What to produce: The expected answer is the data below, printed verbatim without its pictures.

Information supplied:

---

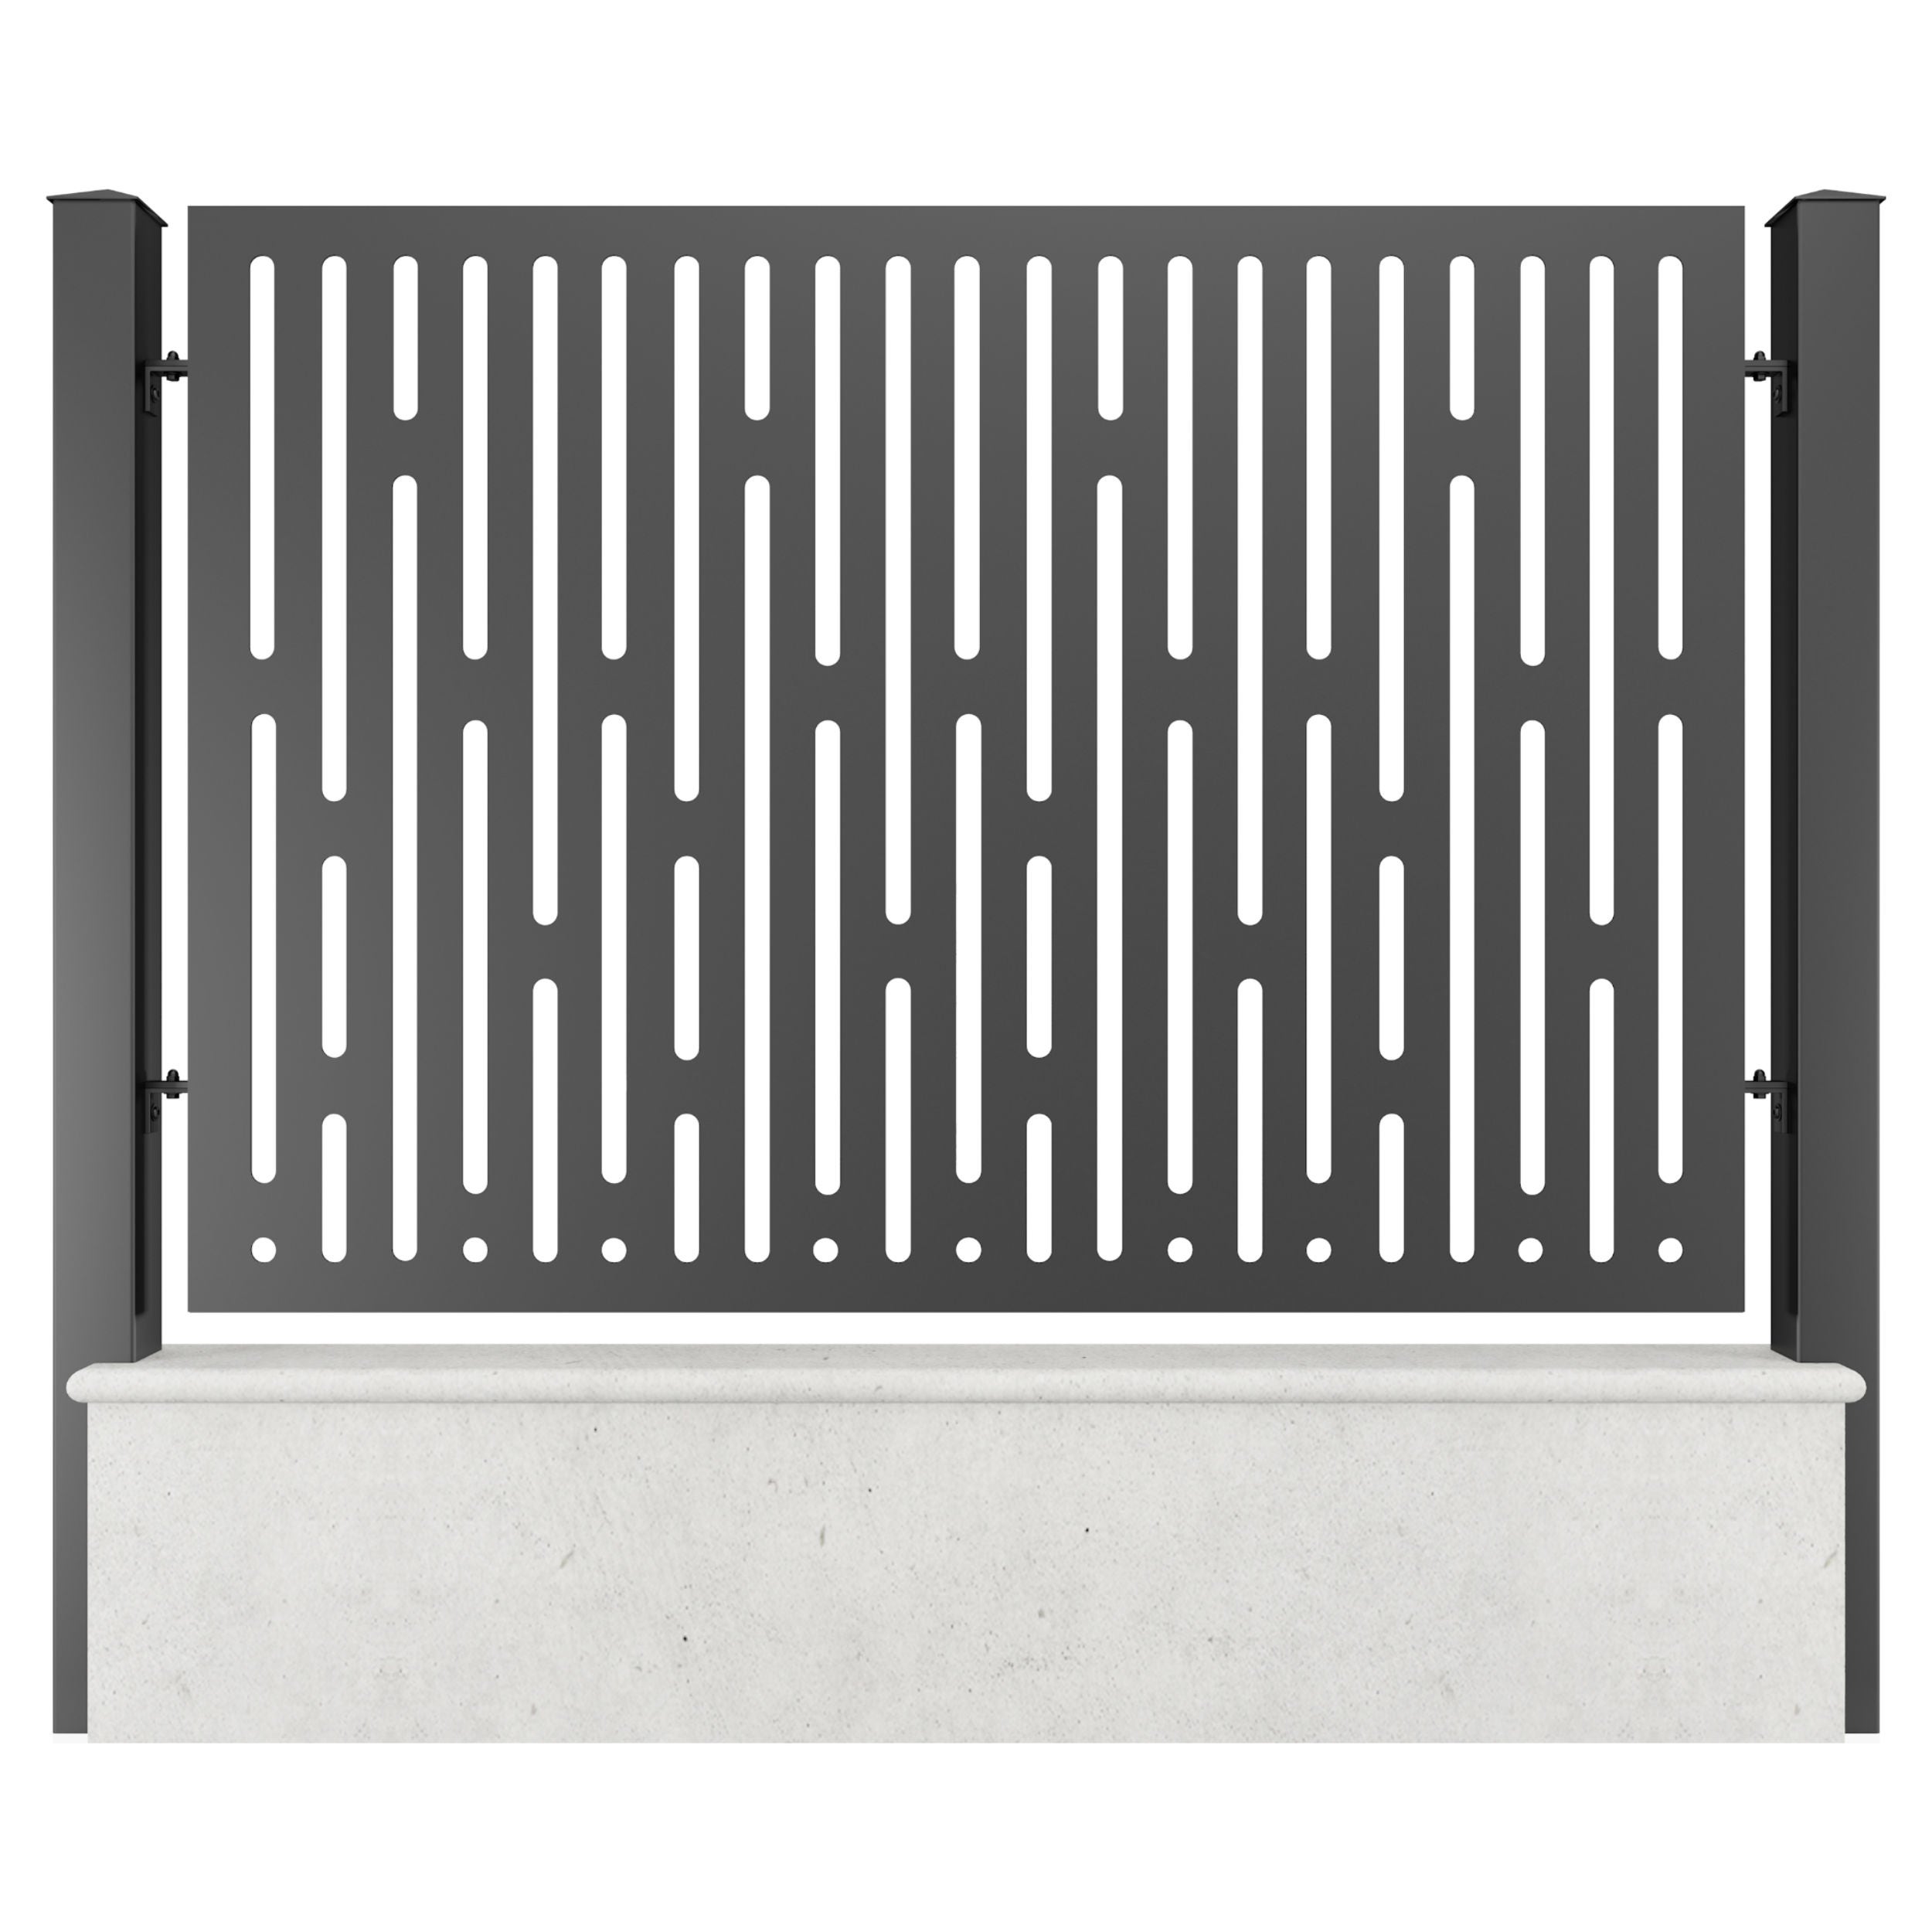 Panou metalic gard din tabla decupata G36B, otel, negru (RAL 9005), 1960 x 1500 mm
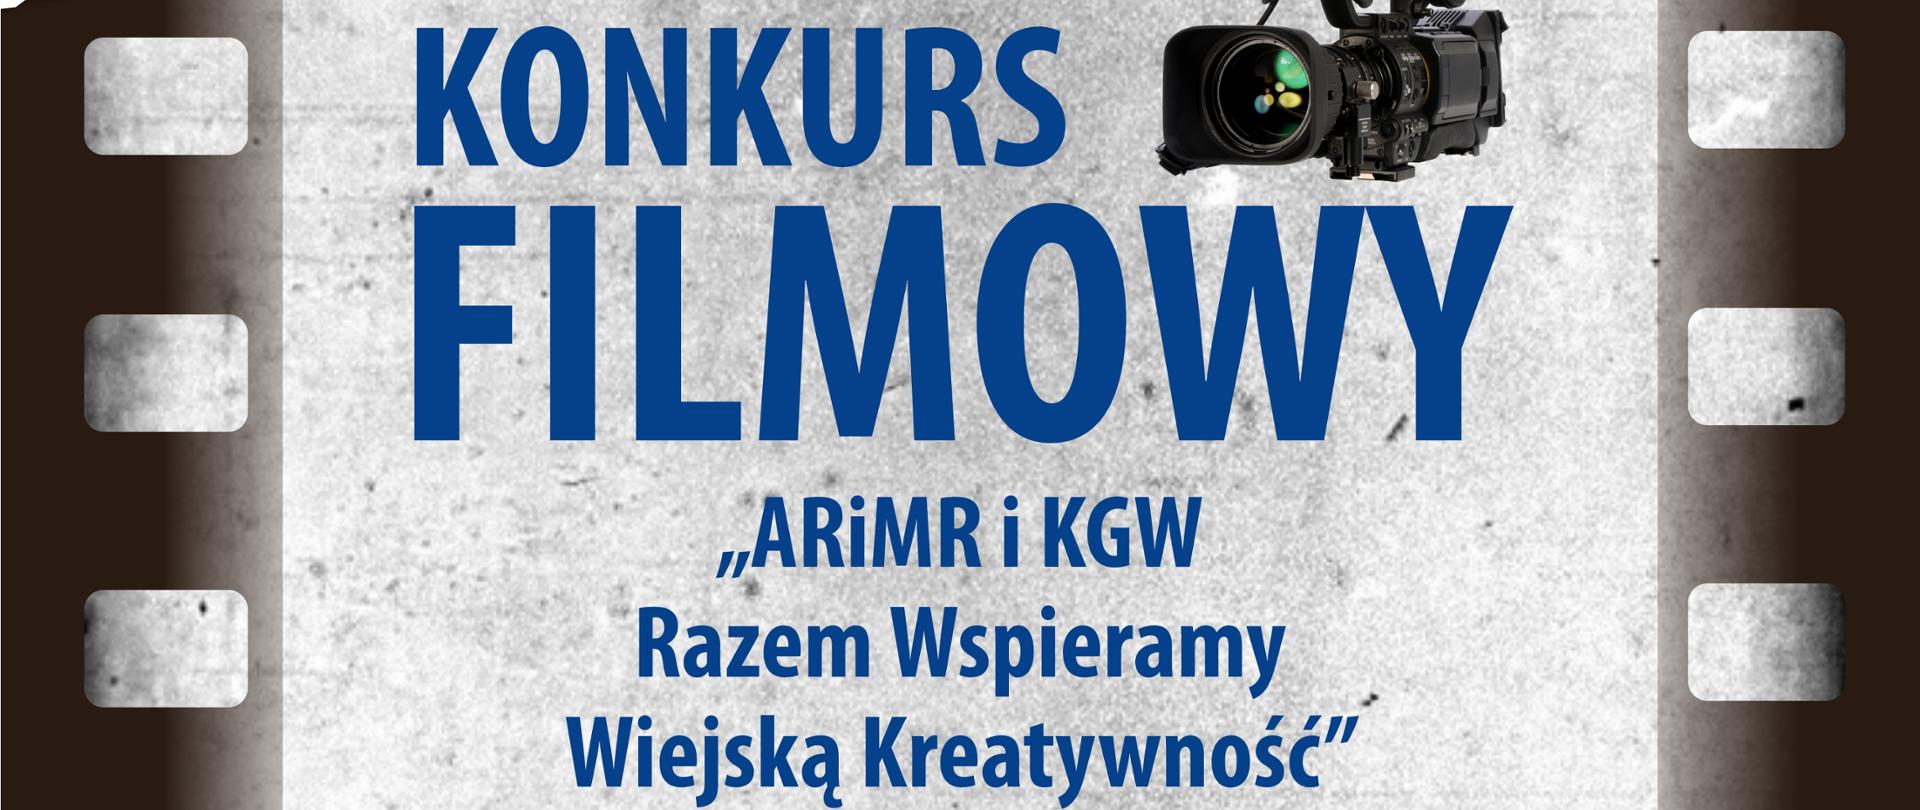 Plakat_Konkurs_filmowy_KGW
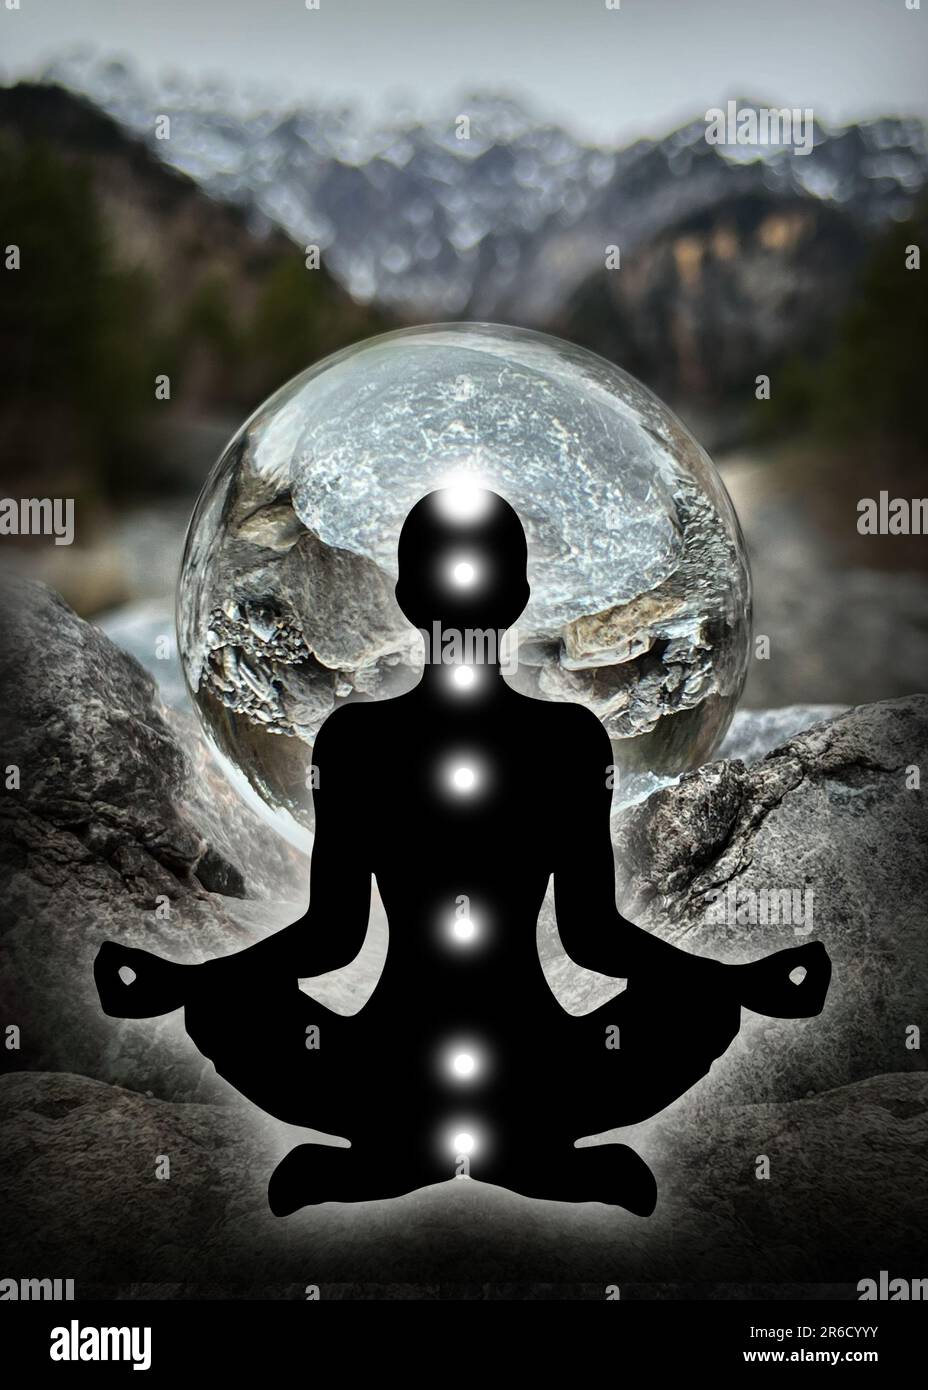 Silhouette humaine en yoga, pose de lotus (corps énergétique humain, aura) devant le lansball, boule de cristal (ruisseau/paysage alpin autrichien, Montafon) Banque D'Images

---

Written solution:
 Panou metalic gard din tabla decupata G36B, otel, negru (RAL 9005), 1960 x 1500 mm
 Plakat_Konkurs_filmowy_KGW
 Silhouette humaine en yoga, pose de lotus (corps énergétique humain, aura) devant le lansball, boule de cristal (ruisseau/paysage alpin autrichien, Montafon) Banque D'Images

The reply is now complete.